Cuando se disponía a entrar en la vieja casa de madera de Lundin, sintió una intensa inquietud y se paró un largo rato en la escalera. El corazón le latía a mil por hora. Acto seguido, se sacudió el malestar y abrió la puerta con decisión.

A las siete, bajó y puso la tele para ver las noticias de TV4. Estupefacto, escuchó primero los titulares y, luego, la descripción del tiroteo de la casa de campo de Stailarholmen. Era la noticia principal del día.

Subió corriendo al cuarto de invitados de la planta alta y metió sus pertenencias en la bolsa. Dos minutos más tarde, salió por la puerta y arrancó derrapando el Volvo blanco.
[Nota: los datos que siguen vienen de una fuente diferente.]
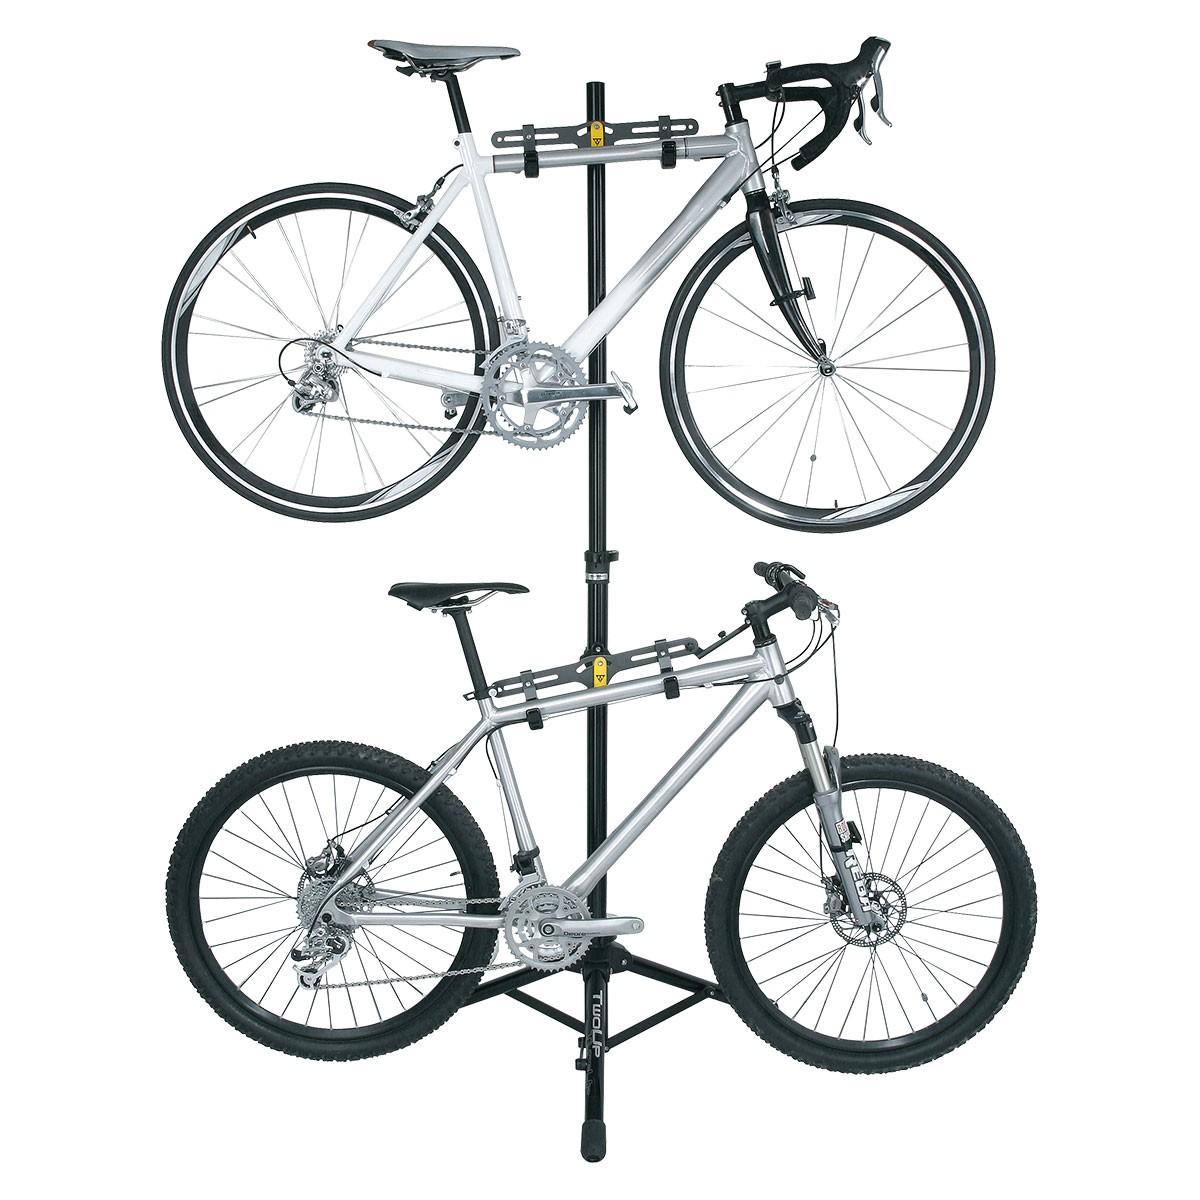 Best bike storage solutions 2018: hooks, racks and sheds

Escapó en el último momento. A tan sólo un kilómetro de Svavelsjö, se cruzó con dos coches patrulla, con las sirenas puestas, que se dirigían al pueblo.

Tras no pocos esfuerzos, Mikael Blomkvist pudo ver, por fin, a Holger Palmgren cerca de las seis de la tarde del miércoles. La dificultad residió en convencer al personal de que le dejaran entrar. Insistió con tanto empeño que a la enfermera responsable no le quedó más remedio que llamar a un tal doctor A. Sivarnandan, quien, al parecer, vivía cerca de la residencia. Sivarnandan llegó apenas pasados quince minutos y atendió al obcecado periodista. Al principio, no mostró ninguna intención de colaborar. Durante las dos últimas semanas, numerosos periodistas habían dado con Holger Palmgren y, por medio de métodos más bien desesperados, habían tratado de entrevistarle para obtener alguna declaración. Holger Palmgren se negaba en redondo a recibir semejantes visitas y el personal recibió la orden de no dejar pasar a nadie.

Sivarnandan también había seguido el desarrollo de los acontecimientos con una enorme preocupación. Le horrorizaron los titulares que Lisbeth Salander había provocado en los medios informativos y notó que su paciente se había sumido en una profunda depresión que -sospechaba Sivarnandan- era el resultado de la imposibilidad de Palmgren para actuar. Este había interrumpido su rehabilitación y se pasaba los días en su cuarto leyendo los periódicos y siguiendo la caza de Lisbeth Salander por televisión. No hacía más que darle vueltas al tema.

Decidido, Mikael se sentó frente a la mesa del doctor Sivarnandan y le aseguró que bajo ningún concepto quería someter a Holger Palmgren a incomodidad alguna y que su objetivo no era obtener ninguna declaración. Le explicó que era amigo de Lisbeth Salander, que no dudaba de su inocencia y que estaba buscando, desesperadamente, información que pudiera arrojar luz sobre ciertos aspectos de su pasado.

El doctor Sivarnandan era un hueso duro de roer. Mikael tuvo que dar cuenta detallada de qué pintaba él en toda aquella historia. Tras más de media hora de discusión Sivarnandan accedió. Le pidió a Mikael que esperara mientras subía al cuarto de Holger Palmgren para preguntarle si deseaba recibirlo.

Sivarnandan volvió pasados diez minutos.

– Ha consentido verle. Si no le cae bien, le echará a patadas. No puede entrevistarlo ni publicar nada sobre la visita.